**WHAT TO DO:**
Within the lines below, the span from the line with "Sarah Zollo Family Beach Portrait" to the line with "Resep Zebra Cake", both ends included, is to be reproduced exactly, with pictures omitted.

Top of THE RECORDS

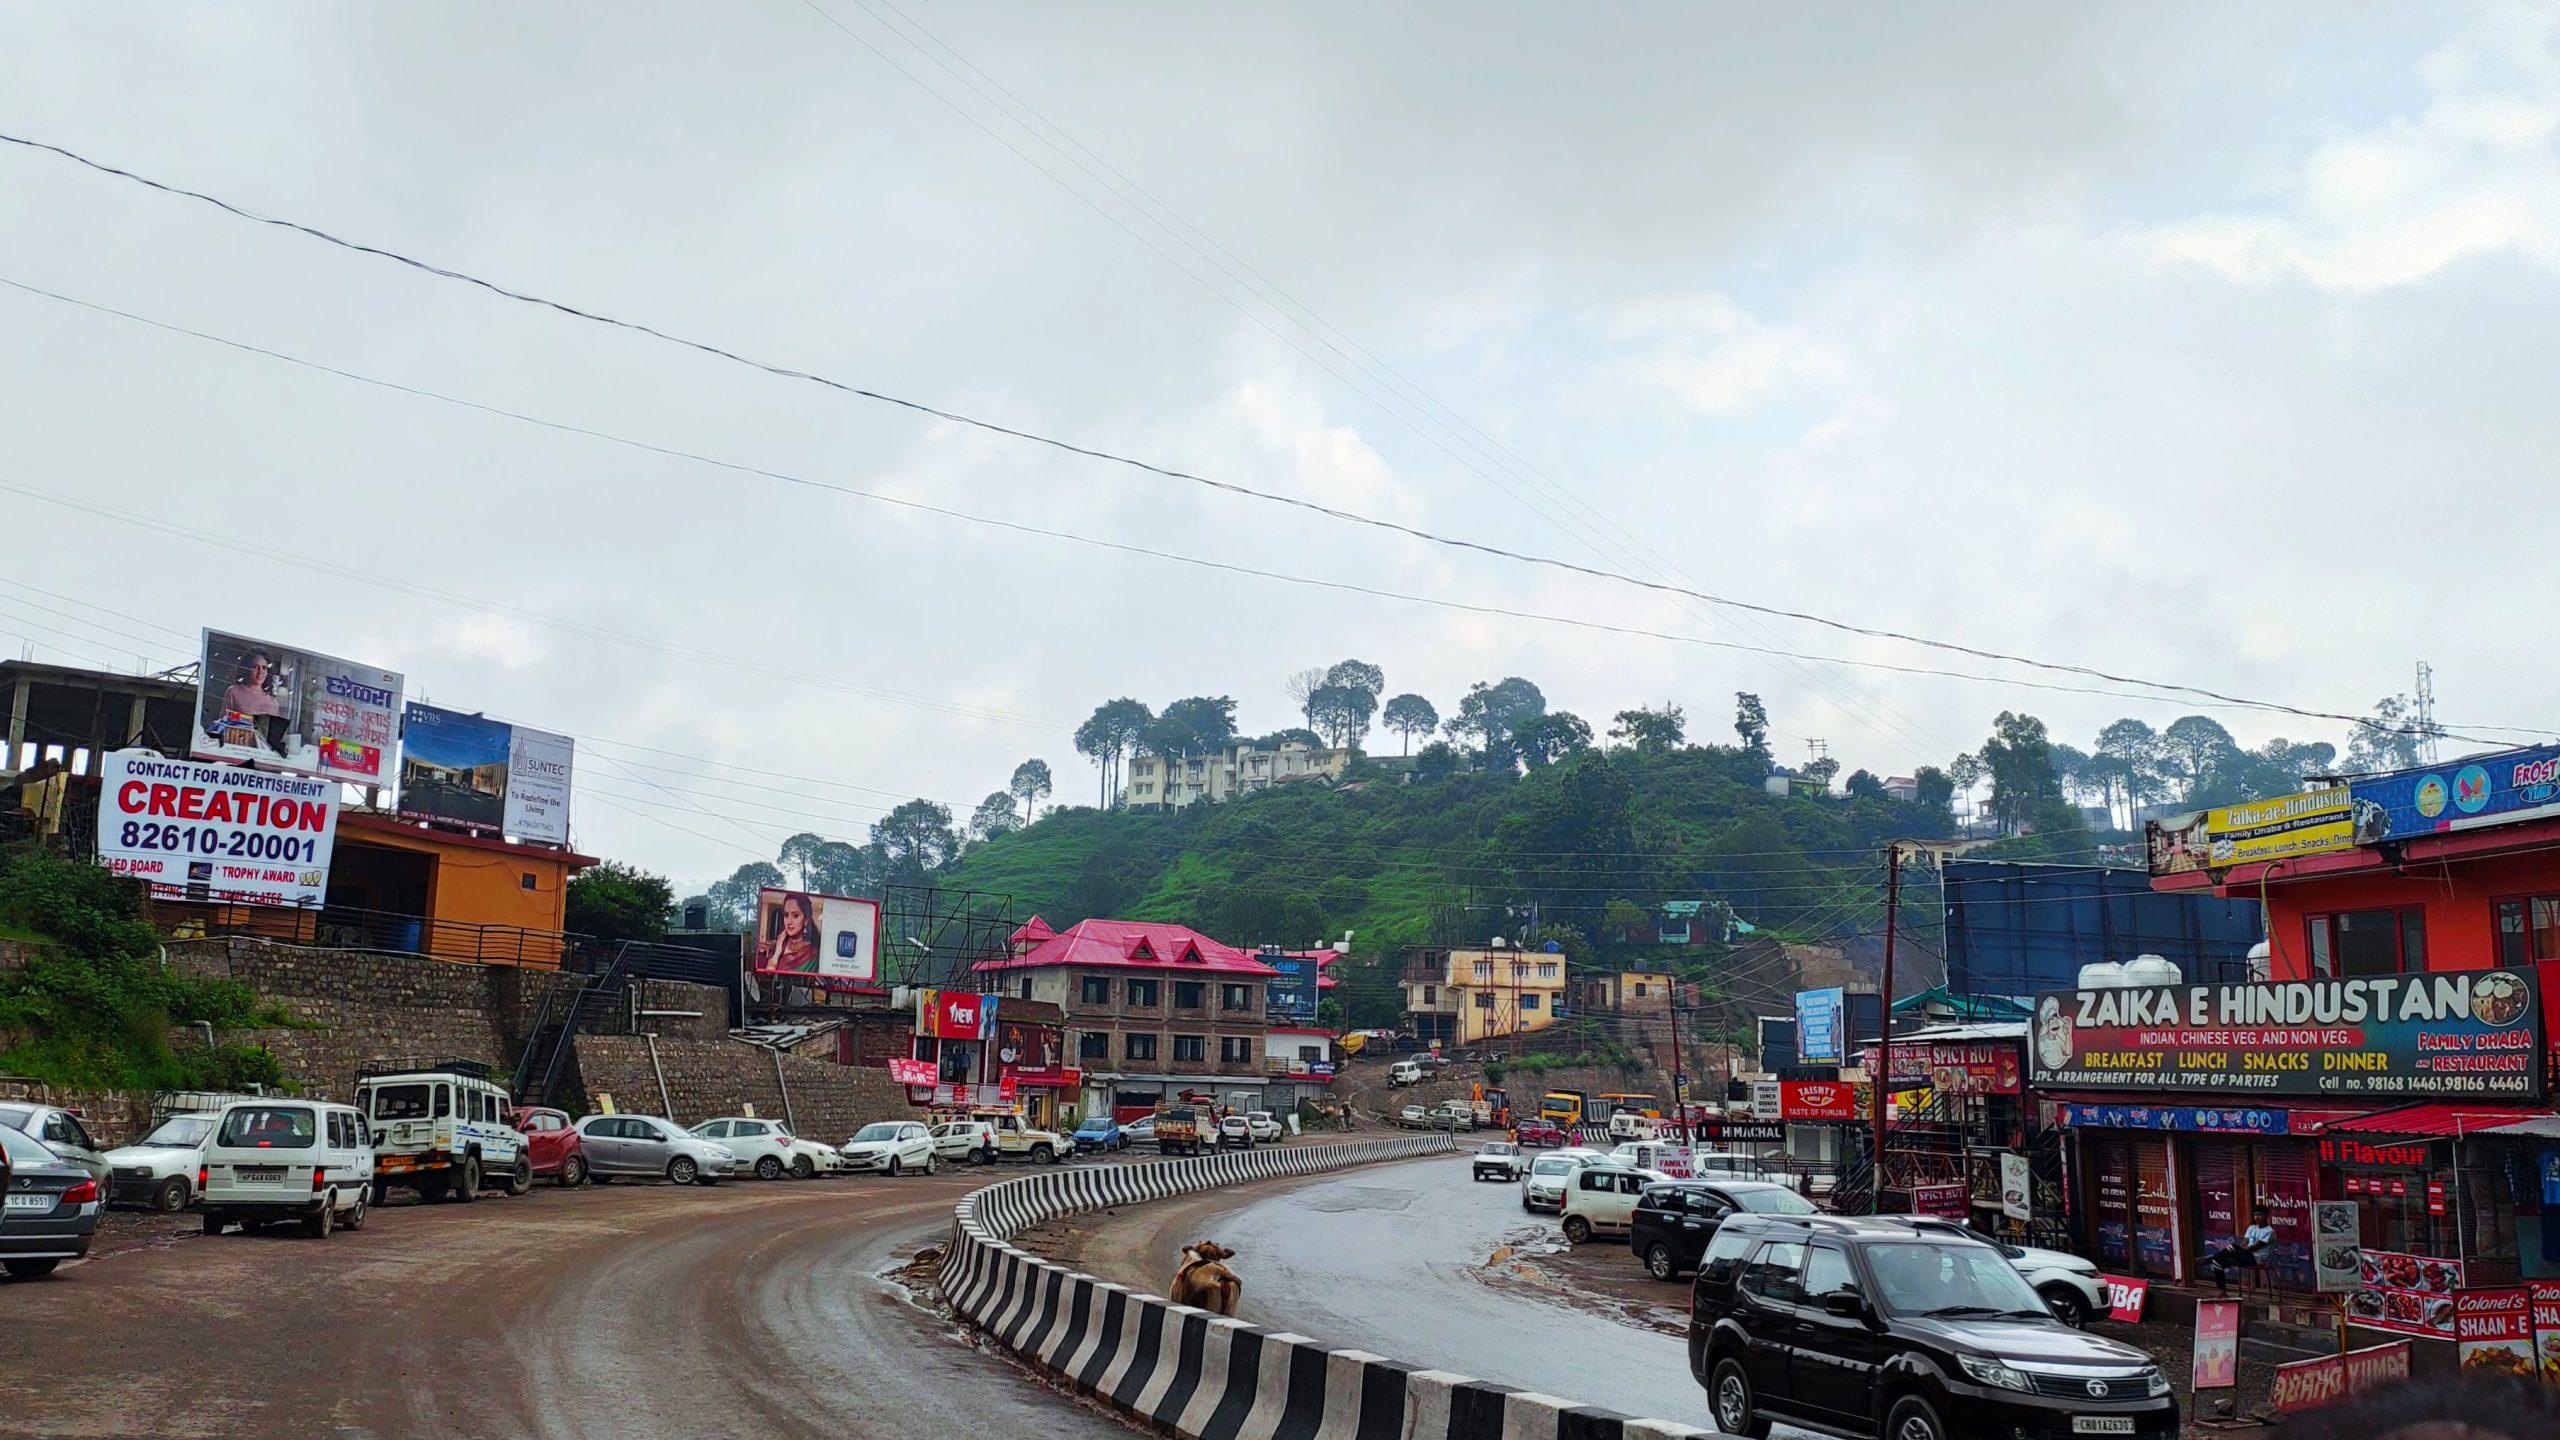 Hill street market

Bottom of THE RECORDS
Top of THE RECORDS

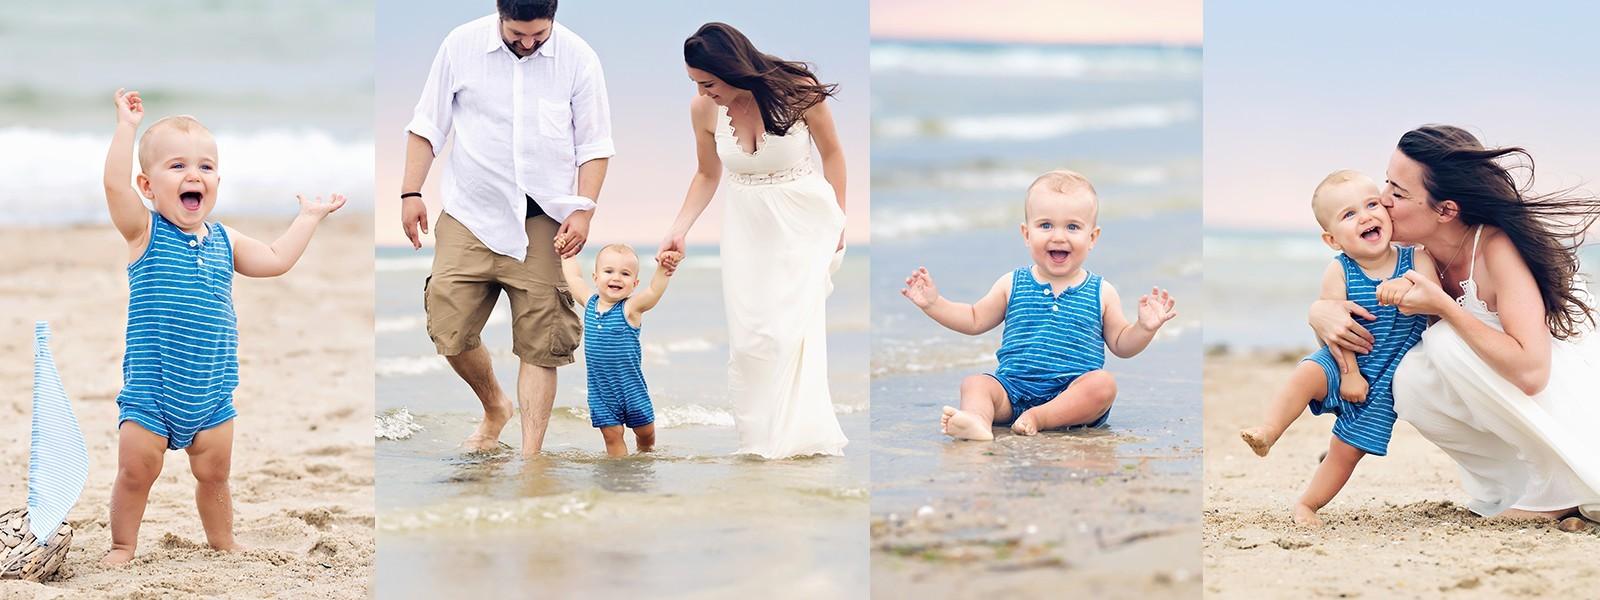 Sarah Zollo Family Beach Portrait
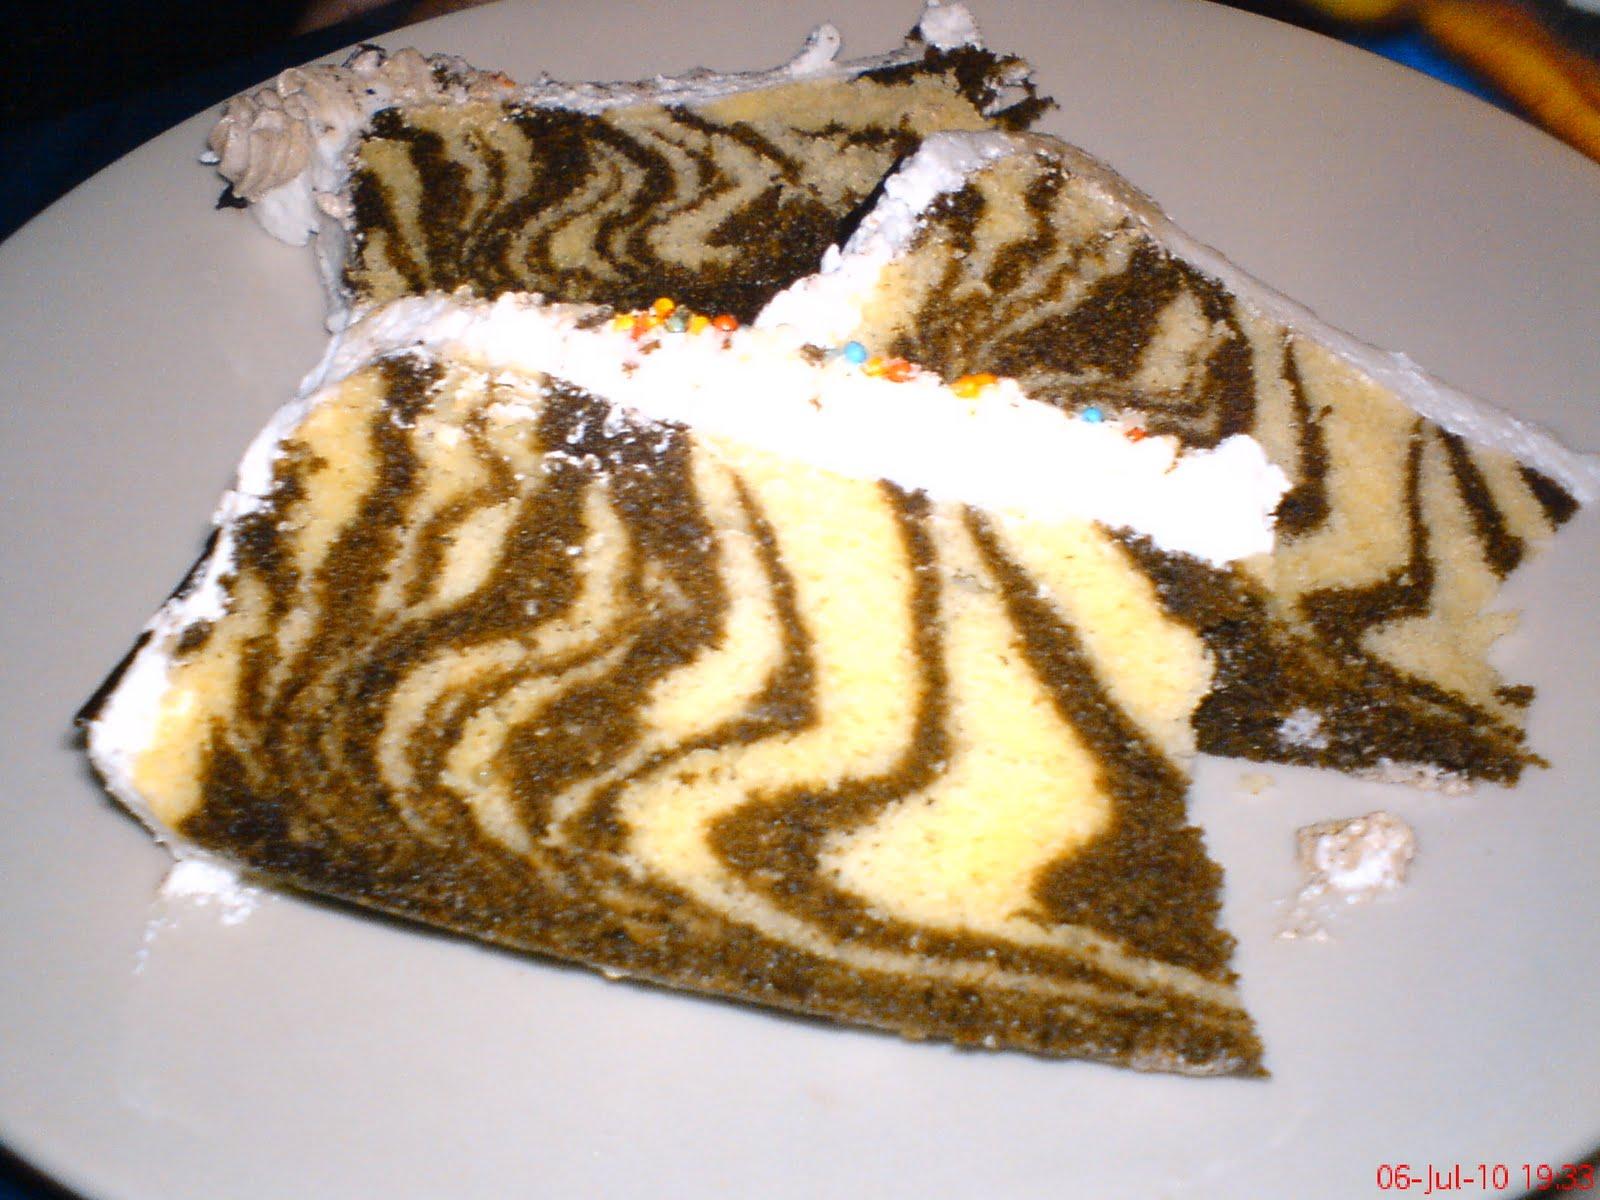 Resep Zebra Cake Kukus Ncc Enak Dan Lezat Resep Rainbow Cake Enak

Bottom of THE RECORDS

**SOLUTION:**
 Sarah Zollo Family Beach Portrait
 Resep Zebra Cake Kukus Ncc Enak Dan Lezat Resep Rainbow Cake Enak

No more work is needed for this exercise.